Натали, казалось, была утешена.
«Ничего, пусть ярится, – думала она, – только бы не эта ужасная душевная апатия».
Понимала ли Натали его до конца? Так сказать, во всем его объеме? Нет. Тут же скажем: как и он ее.
Разговор этот имел для Герцена благодетельное влияние, словно этой исповедью он выплеснул из себя свою мрачную неподвижность. Он восстал против собственной пассивности. Он заявил, что объявляет войну тем, кого он называл «неполными революционерами».
«У меня еще слишком много крови в жилах, – писал он к Джузеппе Маццини, – и энергии в сердце, чтобы мне нравилась роль пассивного зрителя. С 13-ти лет и до 38-ми я служил одной и той же идее, имел одно только знамя: война… против всех видов рабства во имя безусловной независимости личности».
В начале ноября Герцены переехали на новую квартиру – бульвар Мадлен на стыке с бульваром де Капюсин. Квартира хорошо меблирована. Правда, мрачновата, соседние флигели затеняют свет, но они же смягчают уличный шум, никогда не смолкающий на Больших Бульварах.
Домашний быт Герценов приобретал все более устойчивый характер. Тихая, чуть меланхоличная Натали никогда не блистала хозяйственными наклонностями. Она не ощущала потребности в порядке. Ее туалетный стол представлял из себя диковинное смешение пудрениц, французских романов, флаконов с духами. Впрочем, иногда на нее нападал уборочный стих и она мелькала по квартире в изящном фартучке с метелкой в руках – зрелище, неизменно умилявшее Герцена.
Вот он-то при всей безудержности своей натуры был представителем порядка в семье.
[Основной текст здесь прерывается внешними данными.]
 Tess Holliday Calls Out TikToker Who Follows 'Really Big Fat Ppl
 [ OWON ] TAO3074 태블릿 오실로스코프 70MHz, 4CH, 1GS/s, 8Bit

Он не выносил безалаберности, хаотичности ни на своем рабочем столе, ни в своих сношениях с людьми, ни в своем мышлении.
В парижском доме Герценов скоро стало по вечерам так же шумно и многолюдно, как когда-то в их московском доме на Сивцевом Вражке или как по воскресеньям в подмосковном Соколове. Но находила ли здесь такое же удовлетворение тяга Герцена к широкому общению с людьми? Люди-то не те… «Это были, – вспоминает Герцен в мемуарах, – вновь приехавшие эмигранты, люди добрые и несчастные, но близок я был только с одним человеком… и зачем я был близок с ним!..»
Этот «один» был Георг Гервег, вскоре принесший Герцену самые мучительные страдания, испытанные им в жизни.
Герцен подыскал учителя для своих детей – Саши и Таты. Это был Жан Батист Боке, преподаватель по профессии, революционер по убеждениям. Как многие люди, приблизившиеся к Герцену, он влюбился в него, сделался его горячим поклонником. Да и Герцен жаловал его, хотя посмеивался добродушно над его умеренной революционностью, придумал для него разные клички – «Иван Батистович», «Иван Сукно», «Бокеша», «Анна Батистовна».
Во время революционных событий сорок восьмого года Герцен однажды встретил Боке с торжественно протянутыми руками:
– Примите мои поздравления! О, не притворяйтесь скромником, это вам не к лицу. Ведь вы избраны президентом двенадцатого избирательного округа.
Боке постарался скрыть самодовольную улыбку гримасой пренебрежения:
– О, это ужасный округ! Сен-Жак, Сен-Марсо – самые трудные кварталы в Париже.
– Ладно, ладно, вы на всех парусах плывете в министры. Или…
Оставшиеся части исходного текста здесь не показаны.